Hangi kuvvetli nefes beni kendi kaderimin serabına böyle birdenbire üflemişti? Acaba hayatın dengesi, içimizdeki ve dışımızdaki tuhaflıklar ile acayiplikler arasında mı kuruluyor asıl?

“Paris! Paris’i veriyorum size!” Bahtiyar Kont öldükten sonra delirmişti galiba.

Beylerbeyi Sarayının önünden geçiyoruz. Abdülhamit ile Talat Paşa pencereden bizi izleyip el mi sallıyorlar?.. Belki de bir hülyalar dehlizinde mahsur kaldım, çıkamıyorum? Aklını oynattım, halüsinasyonlar görüyorum ve kusuru da hayaletlerin üstüne atıyorum? Hangi kuvvetli nefes beni kendi kaderimin serabına böyle birdenbire üflemişti? Acaba hayatın dengesi, içimizdeki ve dışımızdaki tuhaflıklar ile acayiplikler arasında mı kuruluyor asıl?

“Paris’i de istemiyorum!”

Müzakereye koyuluyor: “Pekala, senenin 15 günü dışarıya çıkabilirsiniz.”

“Şehrin yarısını alsam da yılın 6 ayı istediğim yere gidebilsem?”

“Bilecik’in mi yarısı, Paris’in mi?”

Bir an düşündüm. Mevcut şartlar altında Paris’in yarısı ile Bilecik’in yarısı arasındaki farkın ehemmiyeti azalmıştı. “İkisi de olur.”

Hayalet “Anlaştık!” diye haykırdı, “Bilecik’in yarısı ve senenin yarısı!” Bahtiyar Bey olsa bana Paris’i tapulardı fakat hayaletin huyu suyu başkaydı; eh, ecel şerbeti de sarhoş ediyor insanı demek.

İnsan, hudutları da ufukları da aşmayı daima gündeminde tutmalıdır. 

***

Çengelköy sırtlarındaki, denize nazır konağa varan yolu, Hayalet Kont tarif etti.

Komando üniformasını çıkarıp uşak kostümü giymiş bir adam, konak bahçesinin ferforje kapısını açtı: “Kimsiniz?”

“İsmim Ahmet Hamdi Tanpınar.
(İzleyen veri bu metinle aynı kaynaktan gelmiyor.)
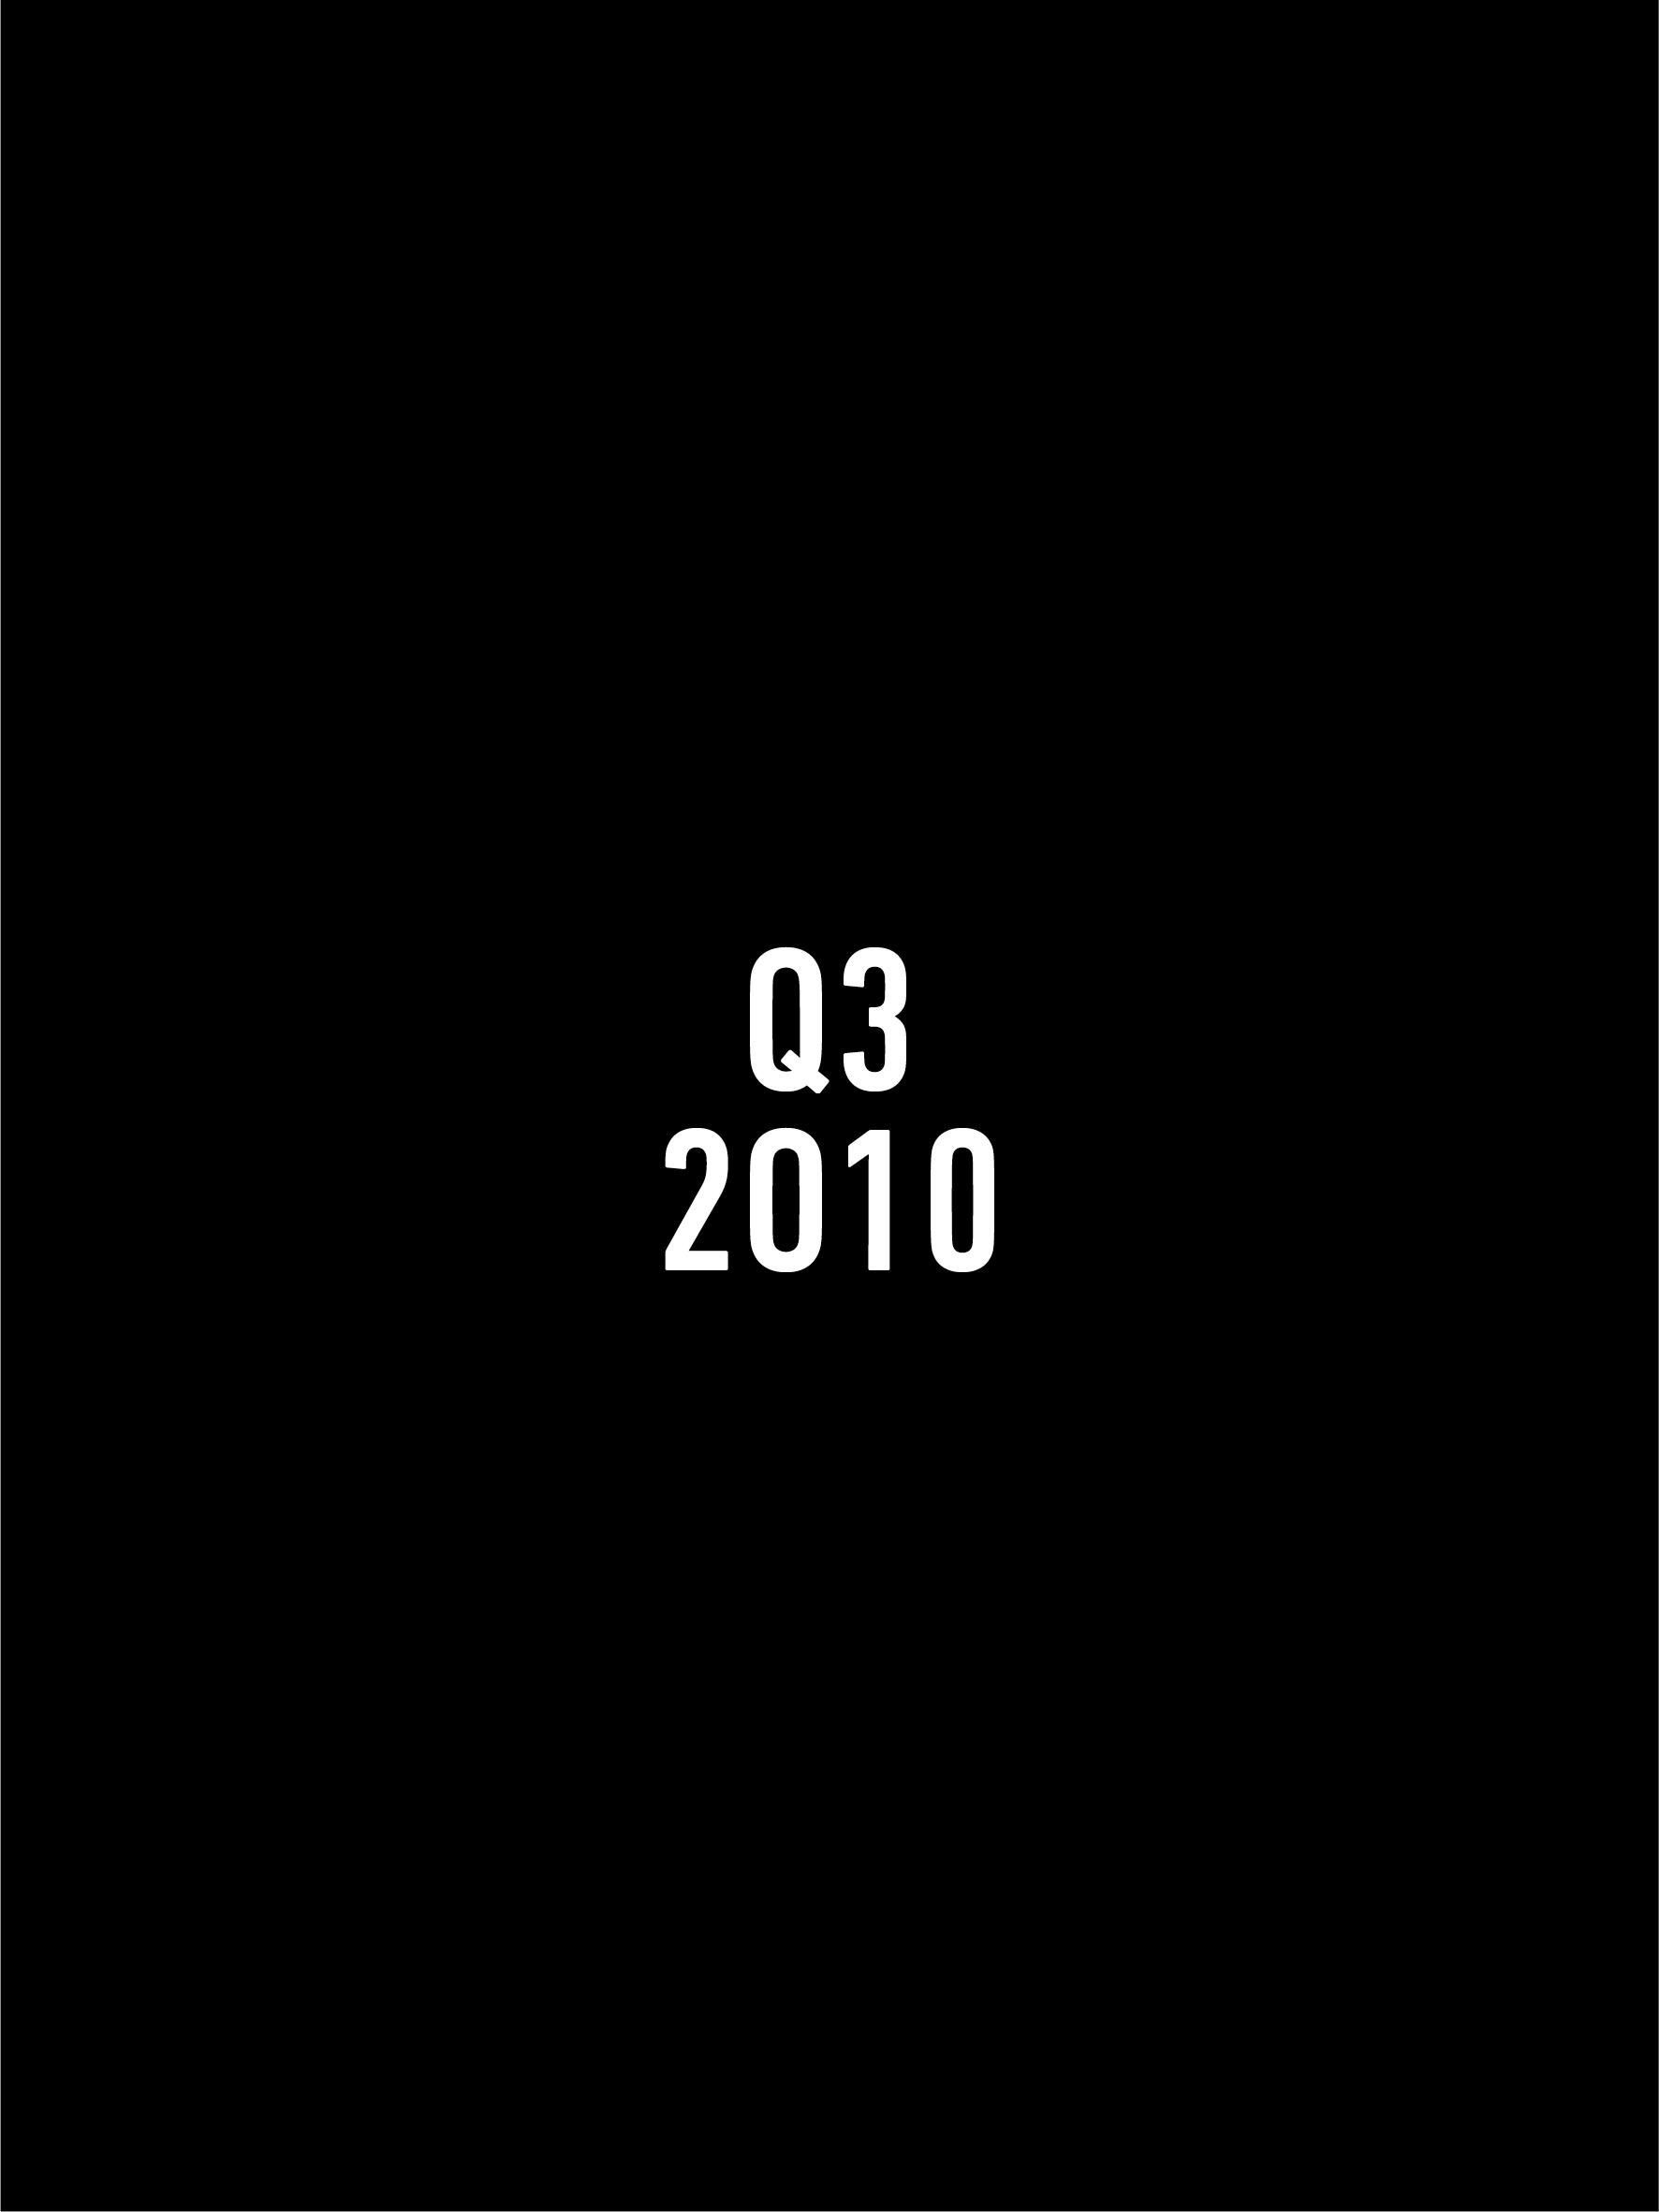 Quarterley 20103.jpg

Edebiyat profesörüyüm. Payidar Bey müsaitse…”

“Kumandan edebiyattan hazzetmez.” 63 yaşındaki Payidar Kont mütekait [emekli] bir tümgeneral. 10 metre kadar ötemdeki ceviz ağacının altında, at büyüklüğünde bir kangal köpeğiyle şakalaşıyordu. Üstünde oduncu gömleği, altında bahçıvan pantolonu, ayağında çizme. Bir yandan puro içerken, hayvanın boynundaki dikenli tasmayı çekiştirerek “Hey Toraman! Hop Toraman!” diye bağırıyor. Kesik kulaklarıyla ve suratındaki yırtık bir maskeye benzeyen lekeyle kabuslardan fırlamış gibi görünen dev köpek, hoplayıp zıplarken bir inliyor, bir hırlıyor. Sahibine karışık duygular besliyor besbelli; onun buruşuk derisini hırsla parçalayıp etini kemiğini çatır çutur yesin mi, zalimane şakalarına katlanıp yorulmasını mı beklesin?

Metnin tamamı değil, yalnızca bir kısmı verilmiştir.